┌──
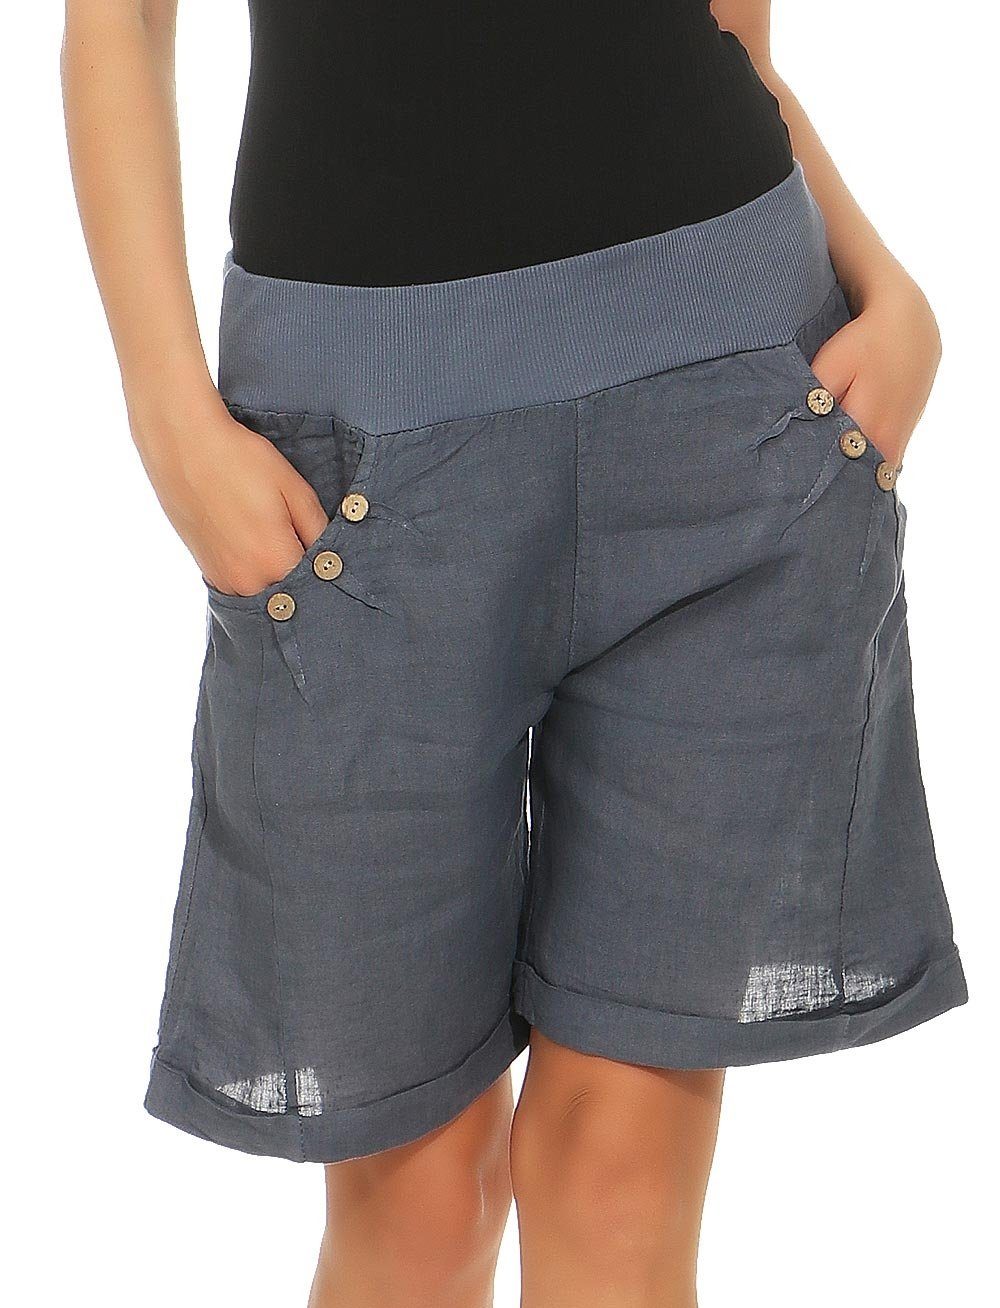 malito more than fashion Leinenhose 8024 Bermuda aus Leinen Shorts jeansblau
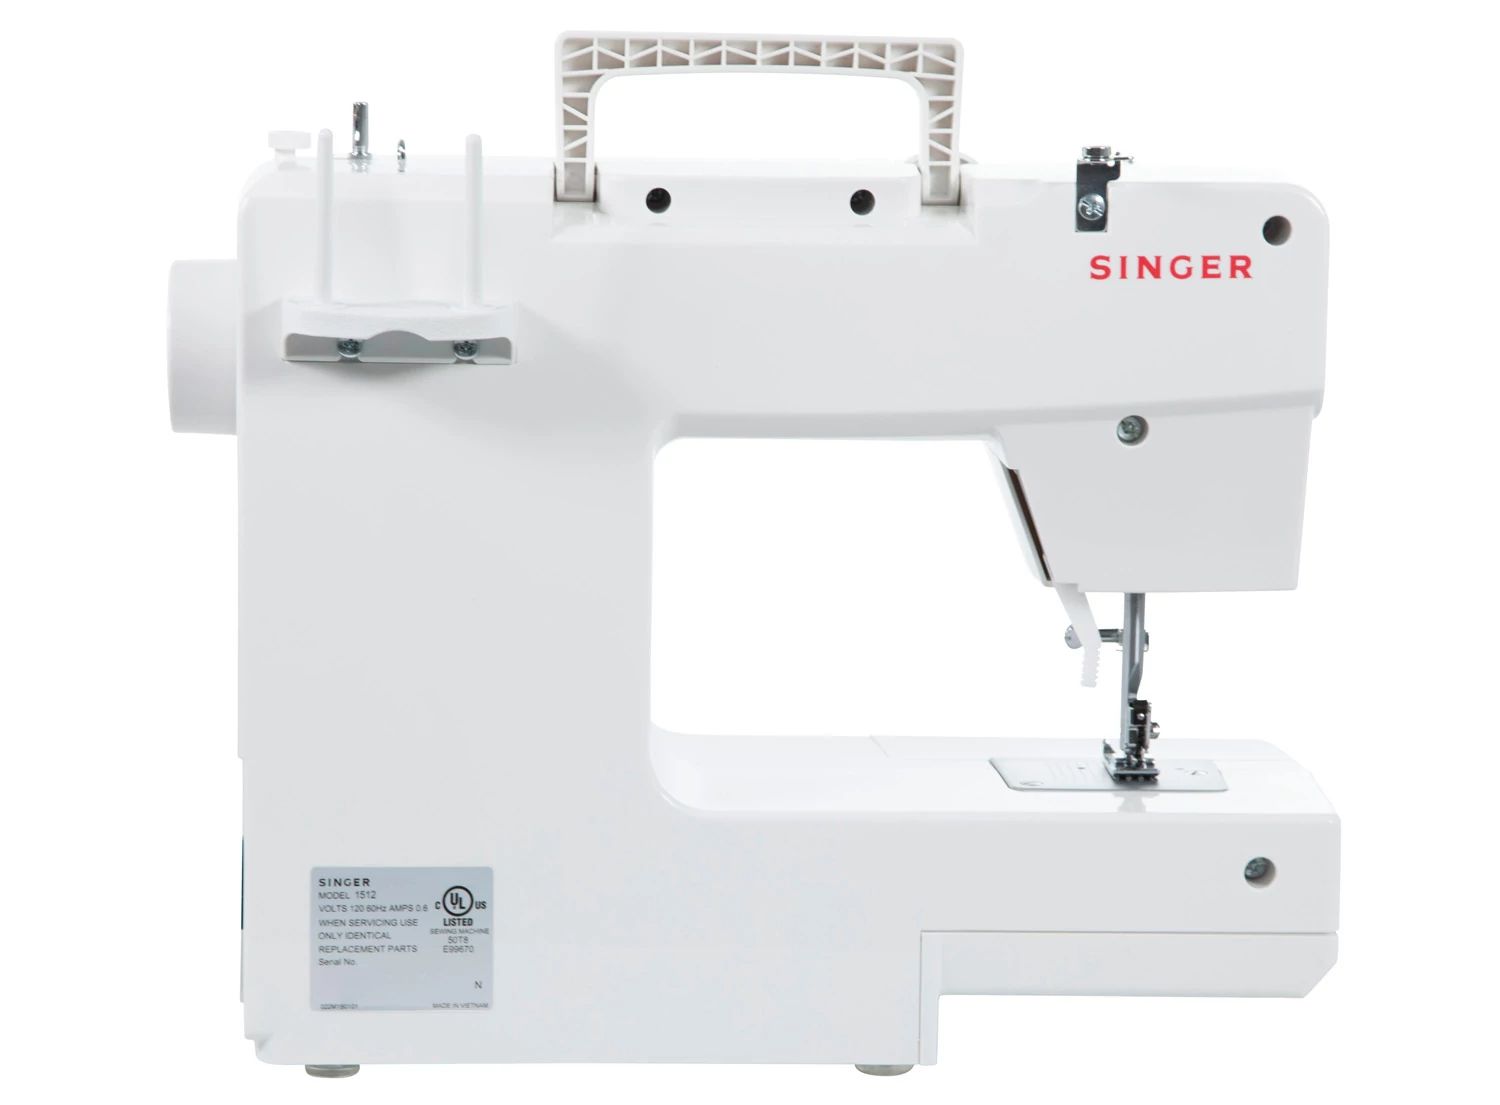 Singer Refurbished Promise™ II 1512 Sewing Machine
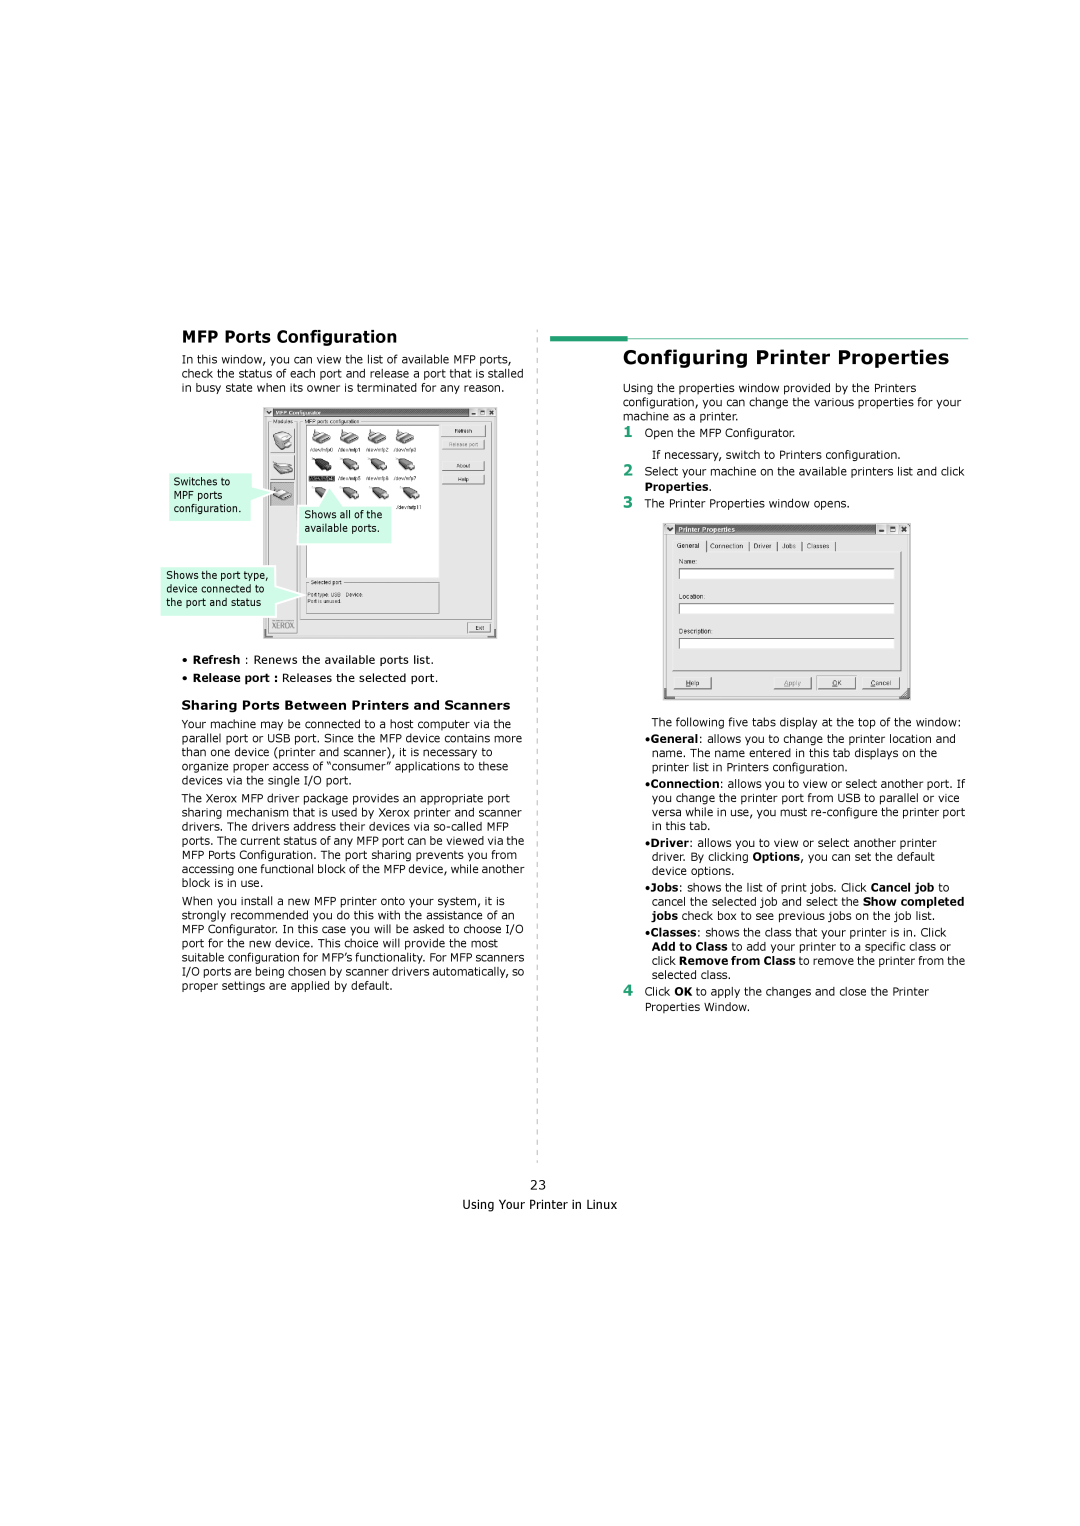 Xerox 3119 manual Configuring Printer Properties, MFP Ports Configuration
└──
Assignment
Your copy should match the data exactly, apart from the images, which are dropped.

Result
 malito more than fashion Leinenhose 8024 Bermuda aus Leinen Shorts jeansblau
 Singer Refurbished Promise™ II 1512 Sewing Machine
 Xerox 3119 manual Configuring Printer Properties, MFP Ports Configuration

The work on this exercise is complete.